Surrounding forests have been the site of heavy logging since the 1970s.

== Facilities ==
Sikakap, along with Tuapeijat, is one of the only places in the Mentawai Islands where electricity and telecommunications are available. There is a hospital and a church in the village, as well as a harbor (the main transport hub in the Mentawai islands) and a district police station. The primary transport connection is a twice-weekly ferry, the KMP Ambu-ambu, which runs between Sikakap and Padang. In 2007, Surfing Magazine described the sub-district as a "regular re-fuelling spot for charter boats".
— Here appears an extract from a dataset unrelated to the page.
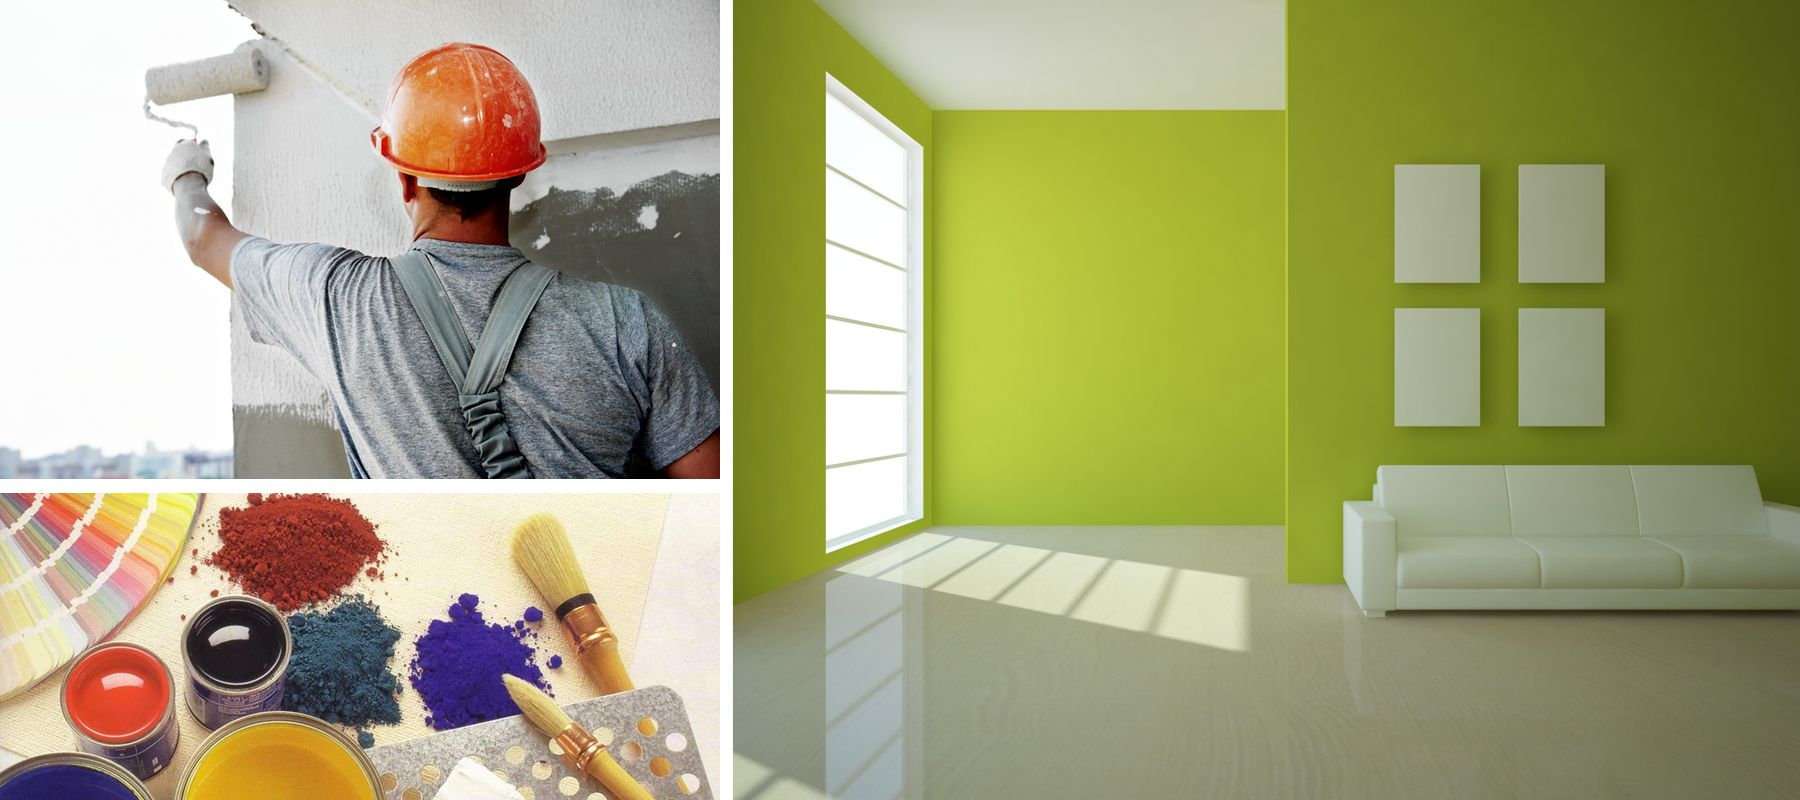 peindre soi m me ses murs les 3 conseils suivre baob t baob t. Black Bedroom Furniture Sets. Home Design Ideas

== 2010 earthquake and tsunami ==
Sikapap served as a centre for relief operations related to the 2010 Mentawai earthquake and tsunami. Eyewitnesses reported that waves up to 2 m high hit the sub-district. Relief agencies and a government command post were based there during the crisis, as it is the largest village on Sipura and Pagai. Over 200 people sought assistance at the local hospital, more than it could take, and the local church was converted into a makeshift medical center. Military supplies for the hospital began arriving on 30 October. A month later, displaced people were still living in tents in Sikakap, leading the government to announce the construction of 16 homes there, as 17 had been heavily damaged.